Glorfindel chuckled, watching the black-haired elf busily attempting to knot his very wet hair back out of his face. “If you give me your robe, I can wring it out for you,” he suggested. “Then, if you put it on the grass in the sun for about half an hour, you’ll be able to wear it back to the House.”

“I think not,” Erestor said rather briefly. “Perhaps you can lend me your tunic? It will be decently long on me…”

“But not necessary,” Glorfindel protested. “Just take the robe off, like I said. Your underclothes should dry on you quickly enough in this heat. It shouldn’t take long, It’s lovely here beside the river. We can sit and talk and…”

“…no underclothes…” Erestor muttered, making much of watching a fish eagle winging up over the trees.

Glorfindel had another look, more openly this time, and started laughing, his face alight with delight. “Do you mean to tell me that under that oh so correct robe you are actually – butt naked?”

Erestor turned on him and tried to glare with dignity. He almost succeeded. “Well, you try wearing something even halfway formal in this weather. Add undershirt and leggings and it becomes completely unbearable.”

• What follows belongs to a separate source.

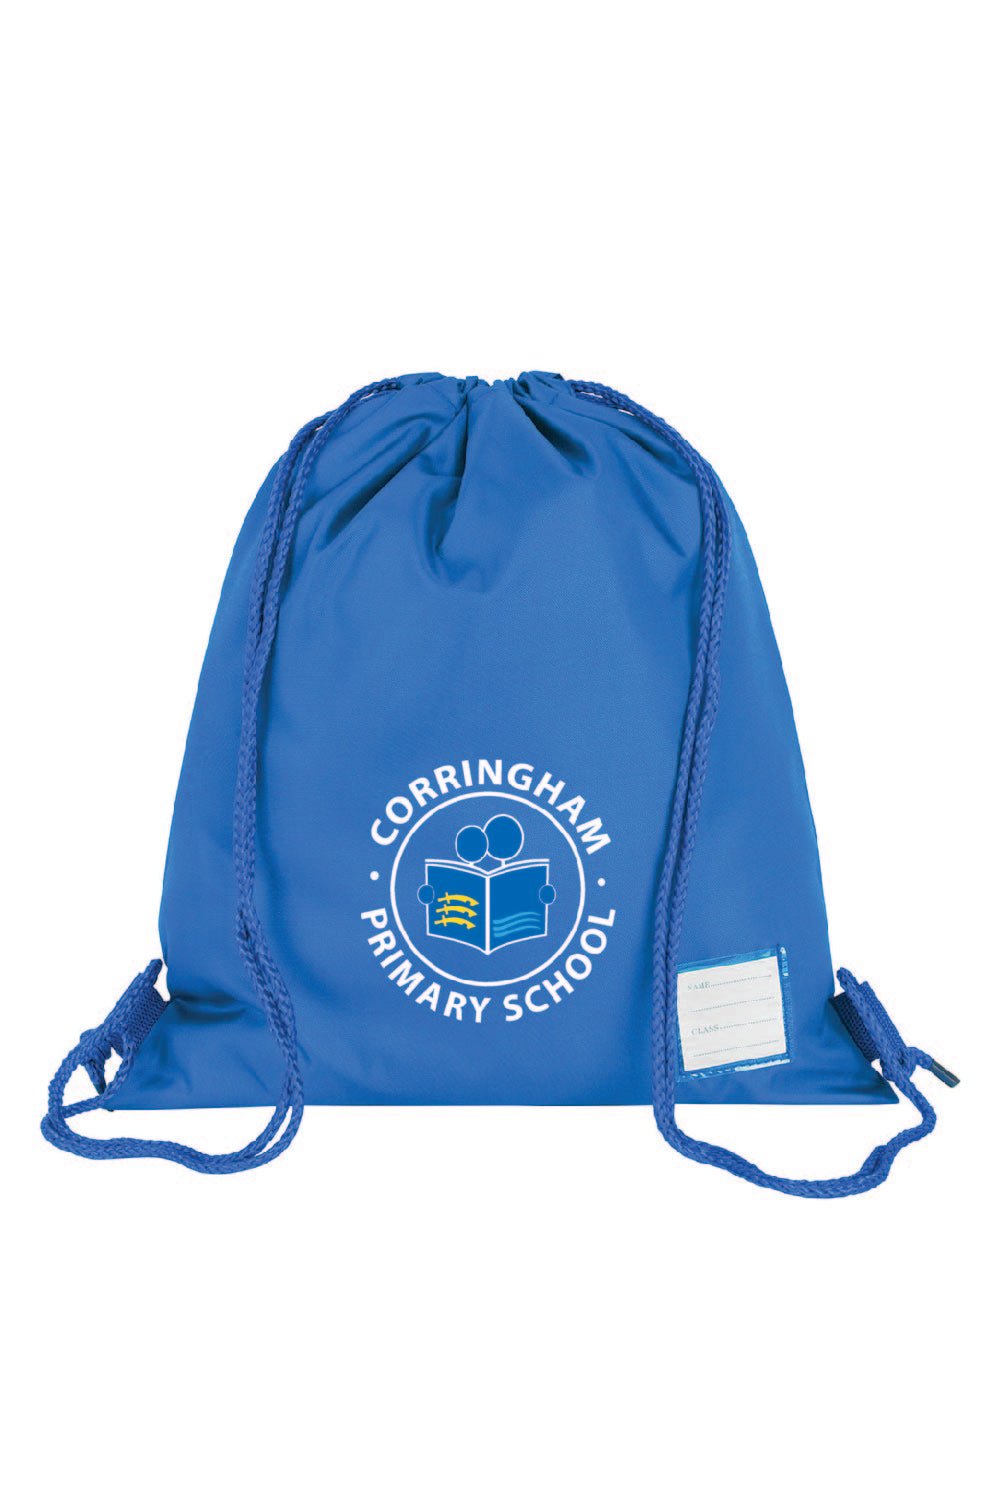 Corringham Primary PE Bag with personalisation - Uniformwise Schoolwear

“You sat through a council meeting bare as a newborn under your robe…”

Refusing to admit to embarrassment, Erestor scowled at Glorfindel who by now was almost doubled up with mirth. “Don’t just stand there laughing, you irritating creature. Give me your tunic. I refuse to perch naked on the edge of the Bruinen like a woodelf for the next half hour, and I cannot go back looking like this.”

Stripping off the pale green, sleeveless tunic, Glorfindel held it out, still grinning broadly. “I have an idea this might create almost as much talk as wearing a wet robe that shows every line of your body…though I’m willing to bet you’ll carry it off so well no one will think to question it,” he added hastily as Erestor stood holding the tunic and staring at him, wet black hair gleaming in the dappled sunlight, eyes slitted determinedly. He might have been – less than tall, as he preferred to phrase it – but he was nothing if not intimidating.

“I’m willing to swear to it having been a popular summer fashion back in Gondolin,” the warrior suggested placatingly.

Erestor sighed. “Glorfindel, turn your back and let me get changed, please. You’ve seen all you are going to see for today.”

The golden warrior obligingly turned around and stood contemplating the trees and thought about two words that may or may not have been merely a slip of the tongue.